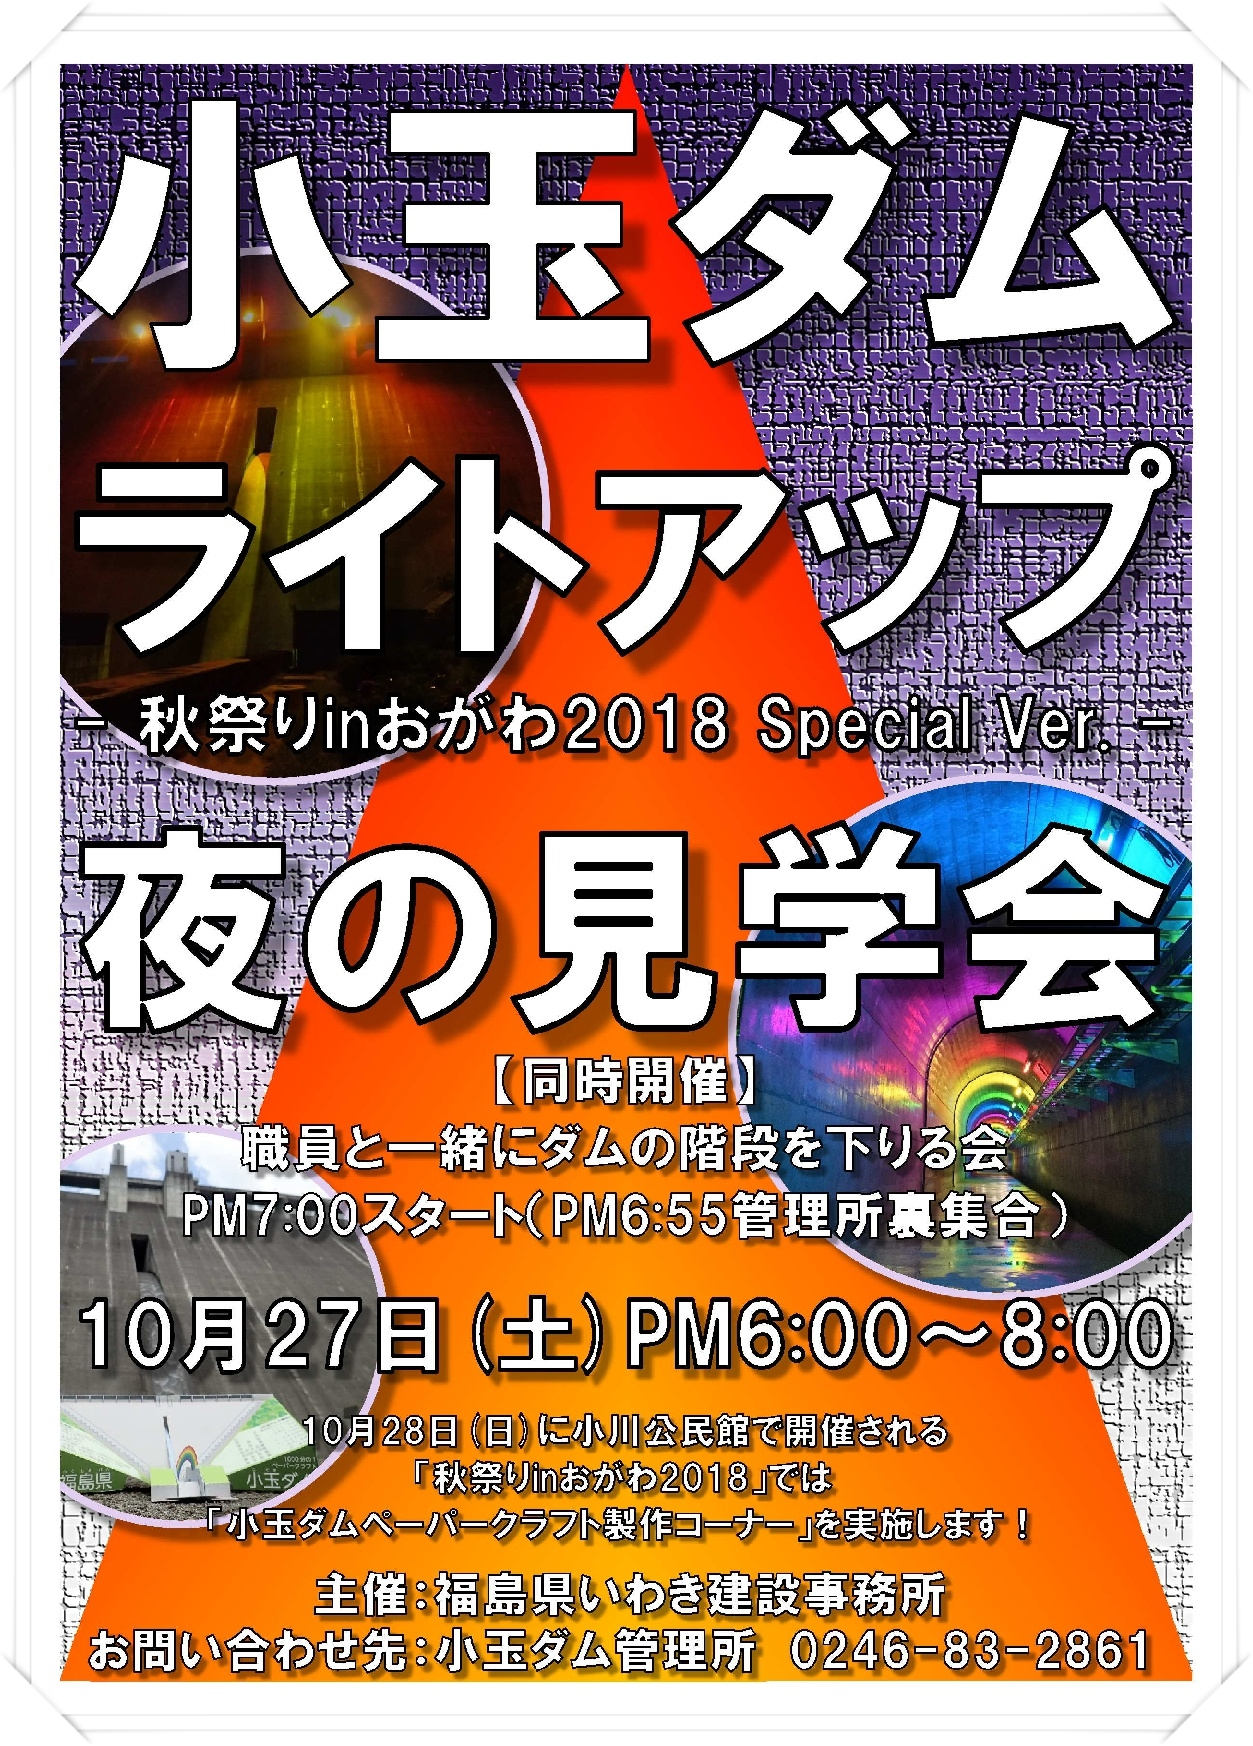 「小玉ダムライトアップ・夜の見学会」 27日(土)開催! [平成30年10月22日(月)更新]
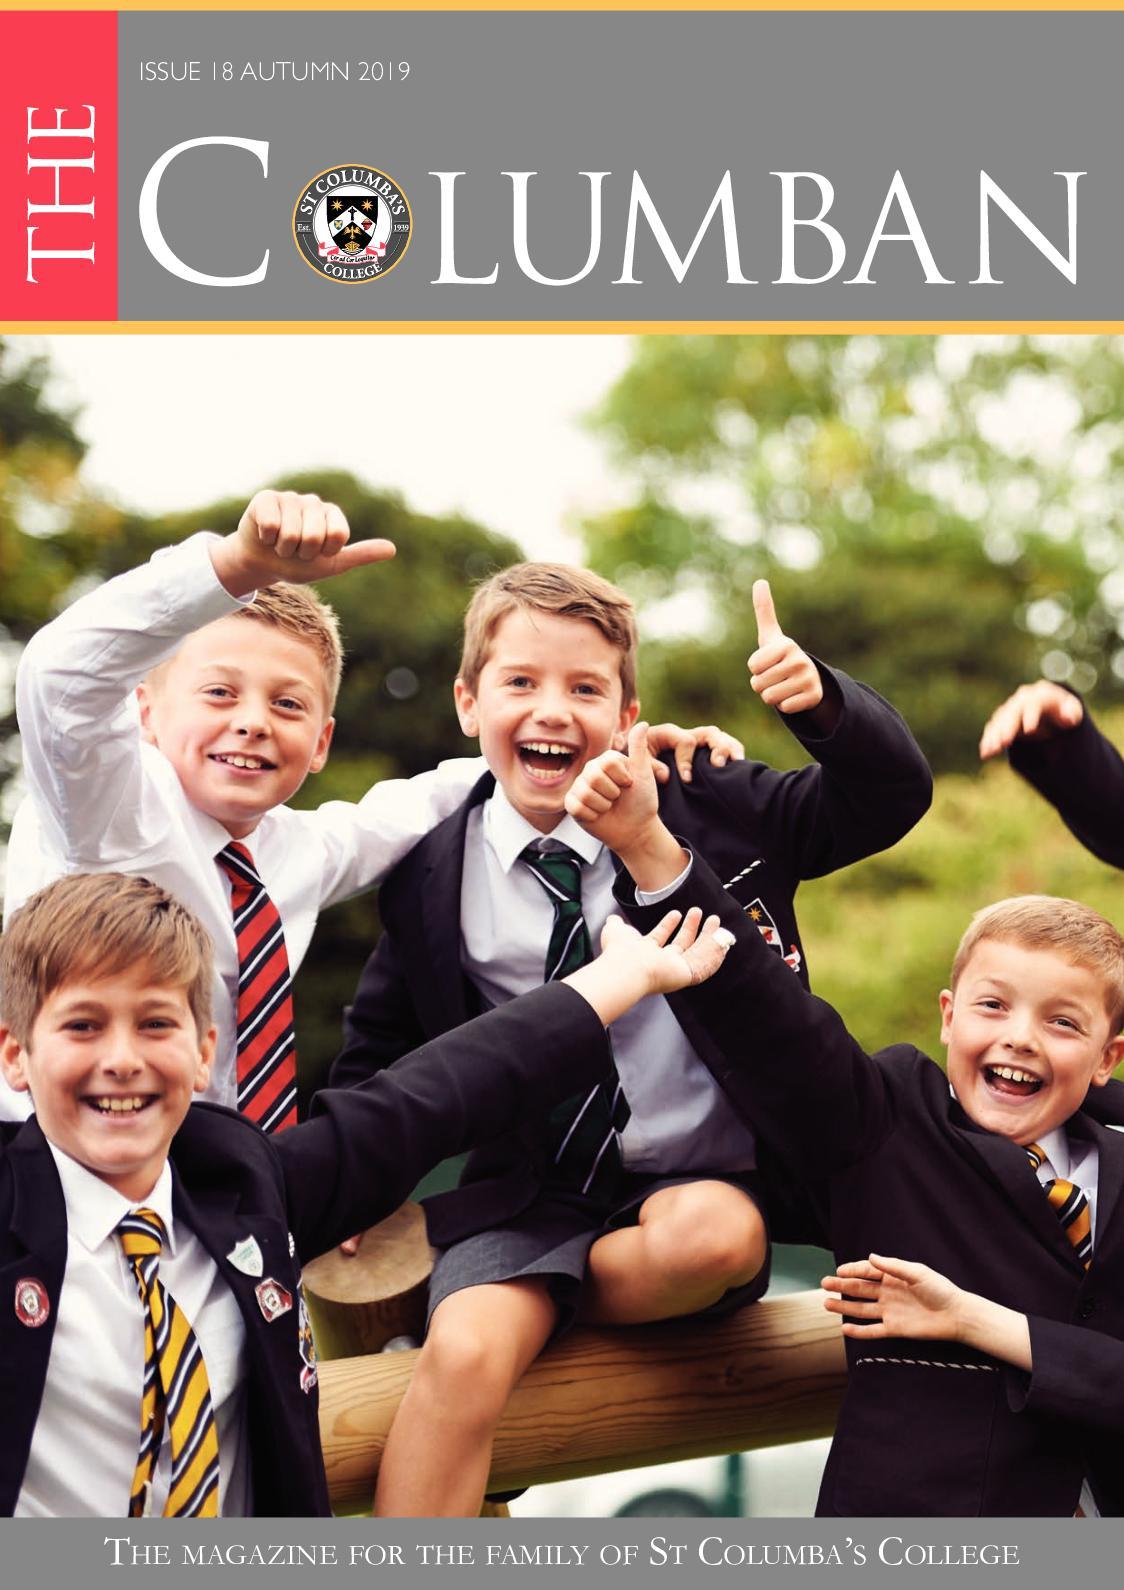 Calaméo Columban Magazine September 2019
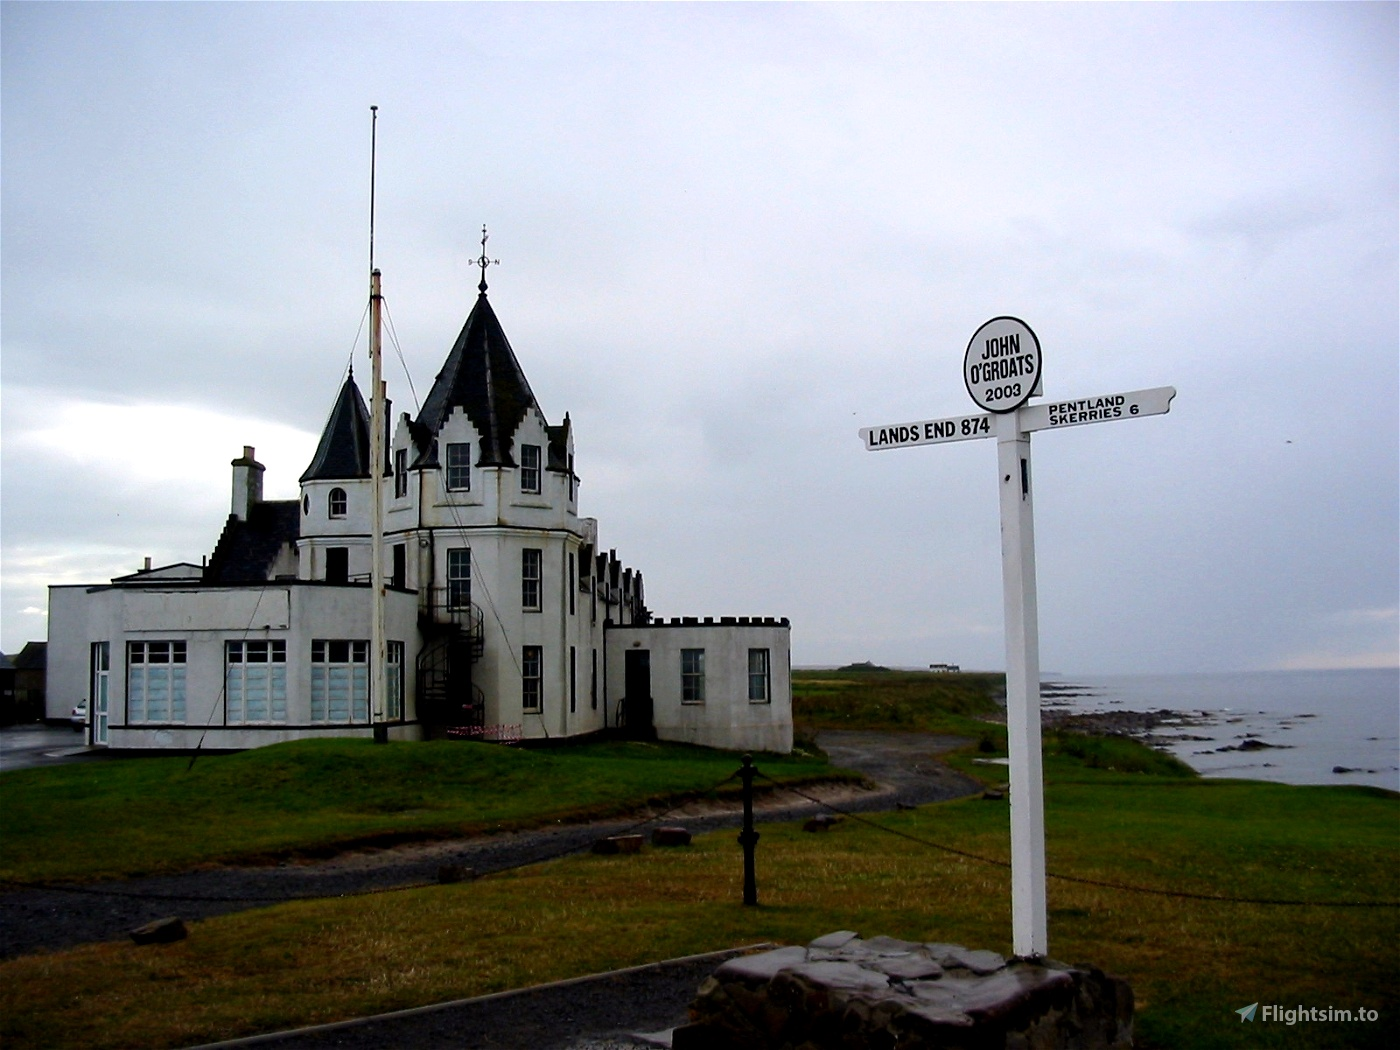 John O'Groats to Land's End (East Coast)
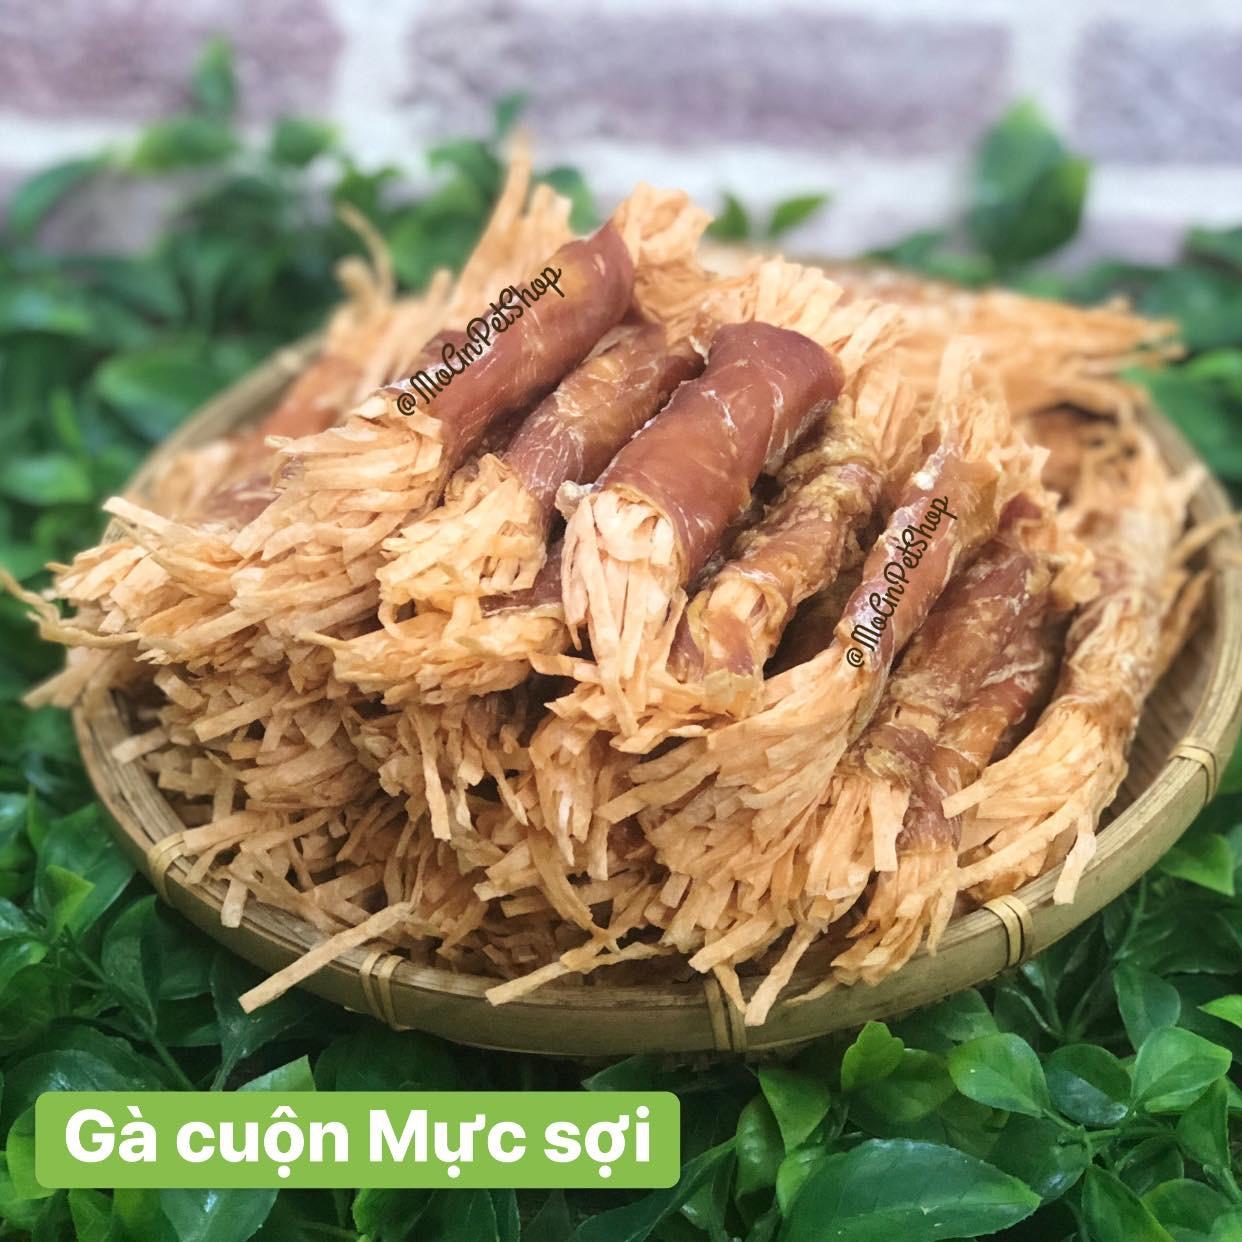 Gà cuộn Mực sợi Thái Lan
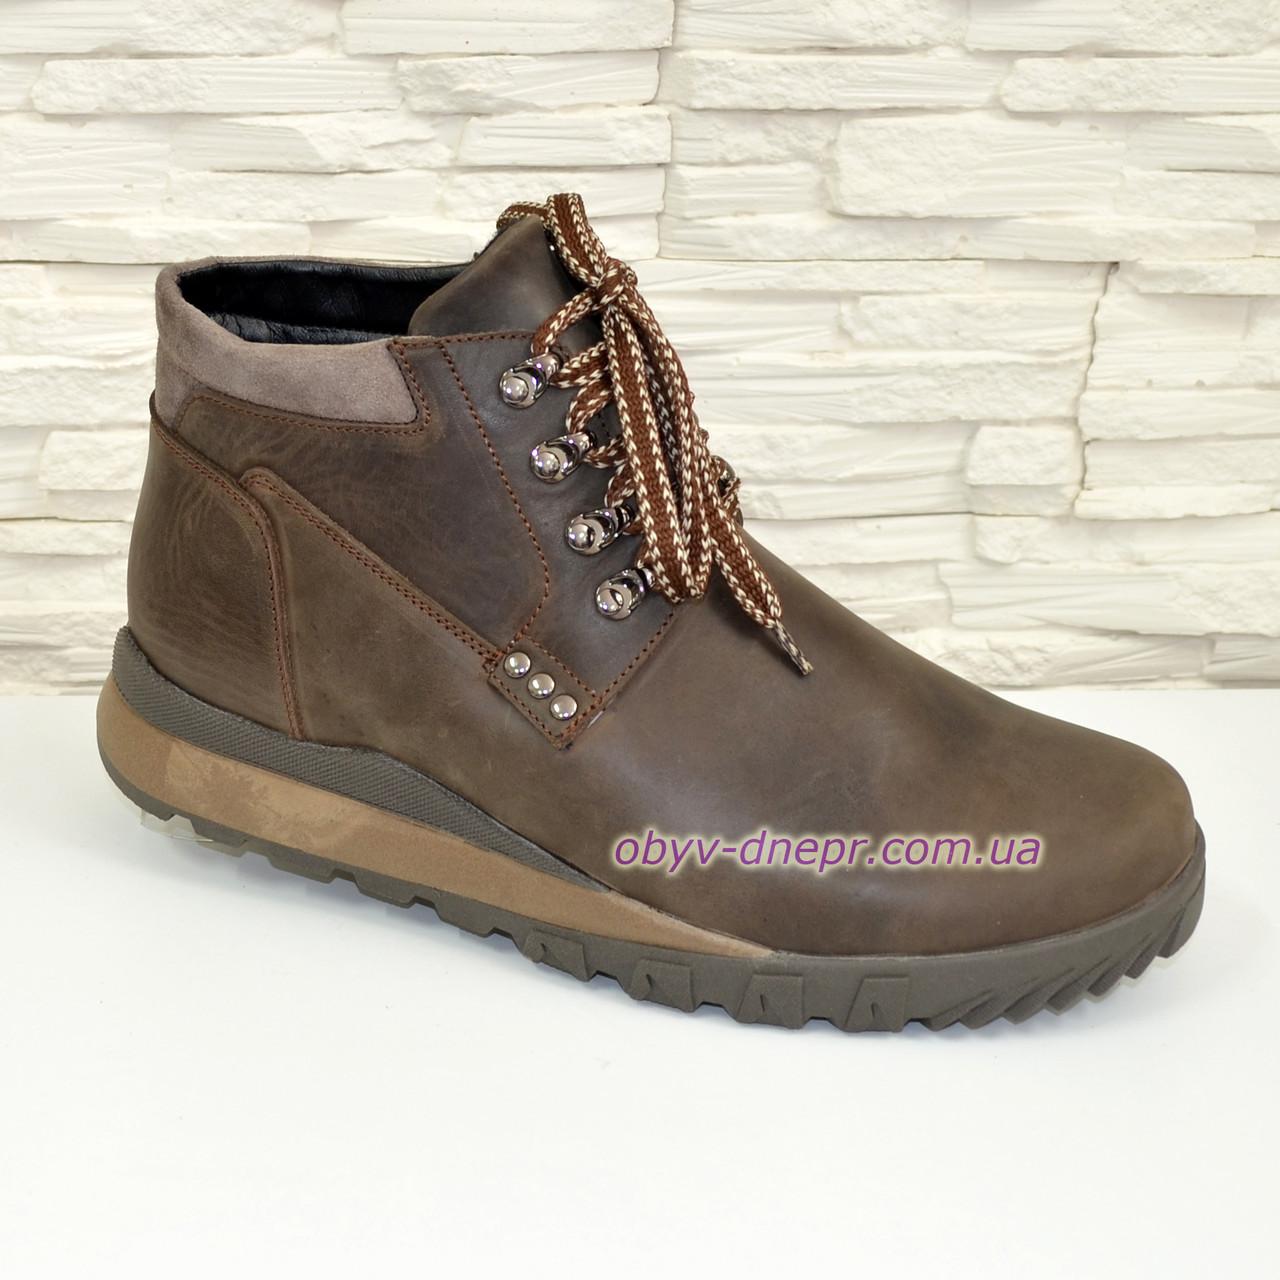 Ботинки мужские на шнуровке, натуральная кожа крейзи

EXERCISE INSTRUCTIONS:
Set down nothing but the lines from the one containing "John O'Groats to Land's End (East Coast)" to the final line above, both included, with every picture left out.

ANSWER BOX:
 John O'Groats to Land's End (East Coast)
 Gà cuộn Mực sợi Thái Lan
 Ботинки мужские на шнуровке, натуральная кожа крейзи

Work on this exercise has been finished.